Administrative duties deflecting from teaching - new survey

By piofficer, Friday, 3rd April 2015 | 0 comments

Teacher workload has increased significantly in recent years and administrative duties are deflecting from the core roles of classroom teaching and learning, according to the findings of a new survey by the Teachers’ Union of Ireland (TUI). The online survey of 545 teachers was carried out by the union in March.

96% of teachers agreed that their workload had increased significantly in recent years, while 97% agreed that they have an increasing amount of work to take home, which impacts on personal time.

Perhaps most telling is a qualitative section which asked teachers to identify issues of most concern in terms of workload. The burden of ever-increasing administrative/bureaucratic duties and usage of the so-called Croke Park and Haddington Road hours repeatedly cropped up as areas of key concern. 

TUI’s Annual Congress takes place in Wexford next week.

Commenting on the findings, TUI General Secretary John MacGabhann said:

‘This survey clearly shows that teacher workload has increased significantly in recent years. In addition, it provides further evidence that classroom teachers are being deflected on a daily basis from their core duties of teaching and learning.

Findings illustrate that the work of teachers has become excessively administrative in nature, with an ever-increasing raft of legal and reporting demands. 88% of teachers listed administrative duties as having increased as a proportion of workload over the last five years, with 89% recording an increase in workload relating to participation in school development planning. 92% of teachers logged an increase in working outside of timetabled hours.

The results will come as little surprise to teachers. Schools have been hit with a series of cutbacks over the last seven years. The pupil-teacher-ratio has been worsened, middle-management structures have been substantially dismantled and supports and programmes that benefited vulnerable students have been abolished or cut back. In addition to damaging the service to students, these anti-educational measures have increased teacher workload and have diminished schools’ effectiveness.

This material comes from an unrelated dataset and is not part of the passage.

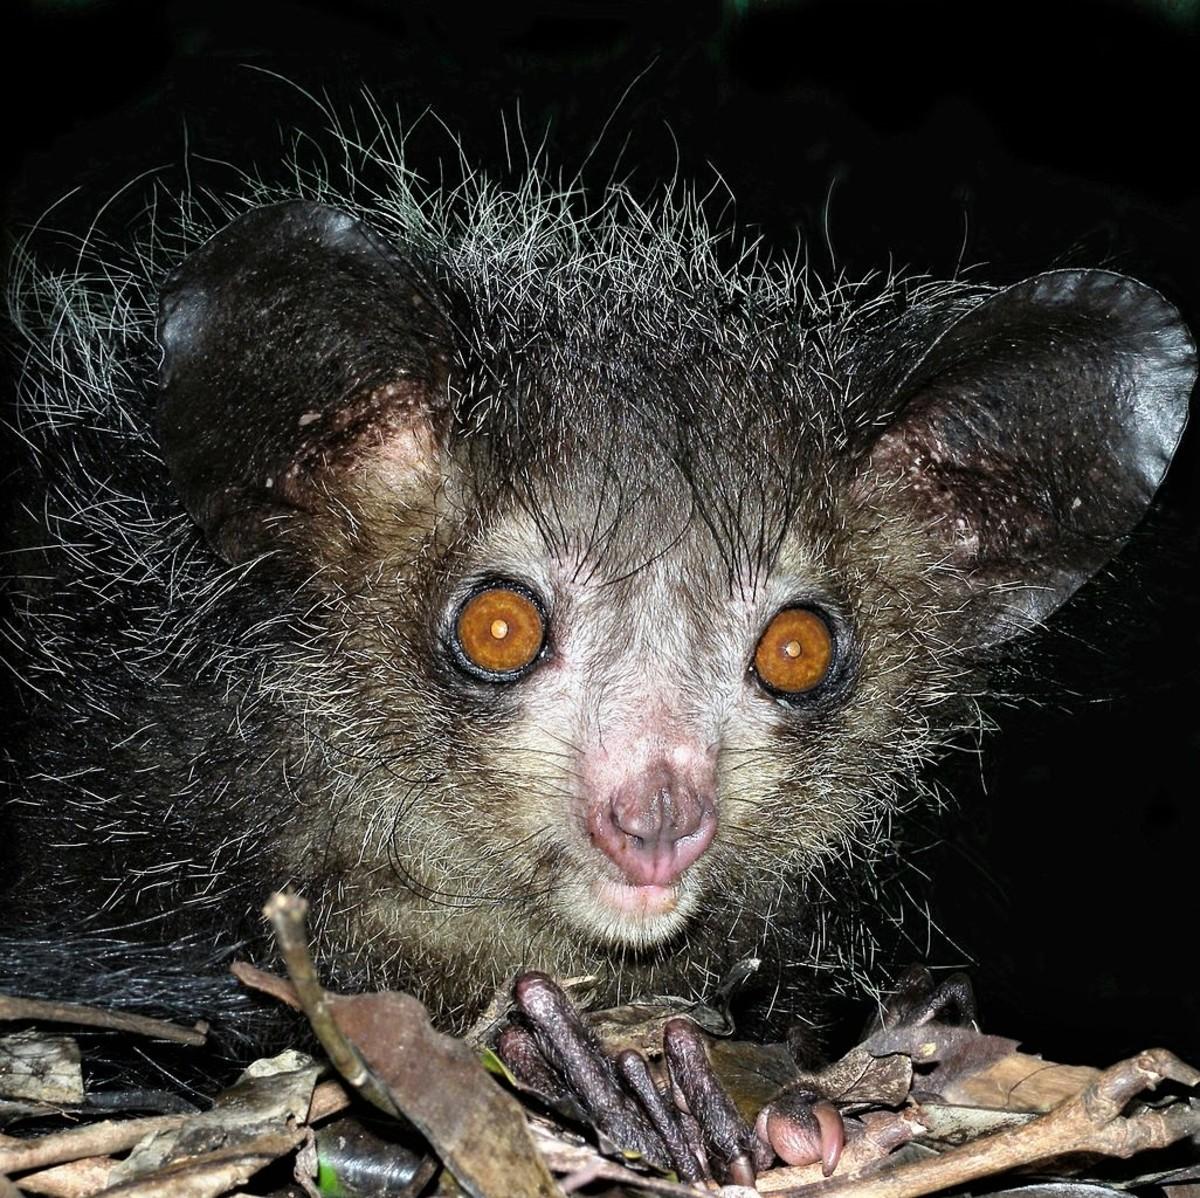 An aye-aye in a zoo in Madagascar

On top of this, the volume of legal and reporting demands imposed on teachers has grown exponentially. Indeed, capacity at teacher and school levels to deal with new additional work was among the key factors for teachers in giving an overwhelming mandate for industrial action against the roll-out of the Framework for Junior Cycle. Quite simply, teachers can give no more.

Teachers are also frustrated and disillusioned by the extra hours required under the Croke Park and Haddington Road Agreements and their current usage.

In terms of timetabled hours, it is already clear that Irish teachers work far above the OECD average. The number of teaching hours per annum for Irish second level teachers is 735, which is far in excess (9%) of the OECD average of 675 (OECD lower secondary average: 694; OECD upper secondary average: 655). By way of a local comparison, the number of teaching hours per annum in England is 692 hours, or 6% less. 

Ultimately, students lose out when time is stolen from teaching and learning. If the country truly aspires to providing a world class education system, teachers must be relieved of the intolerable, intrusive and frequently unnecessary administrative burden that has accumulated over recent years. Excessive form-filling and box-ticking are a damaging distraction from the traditional, core values of teaching.’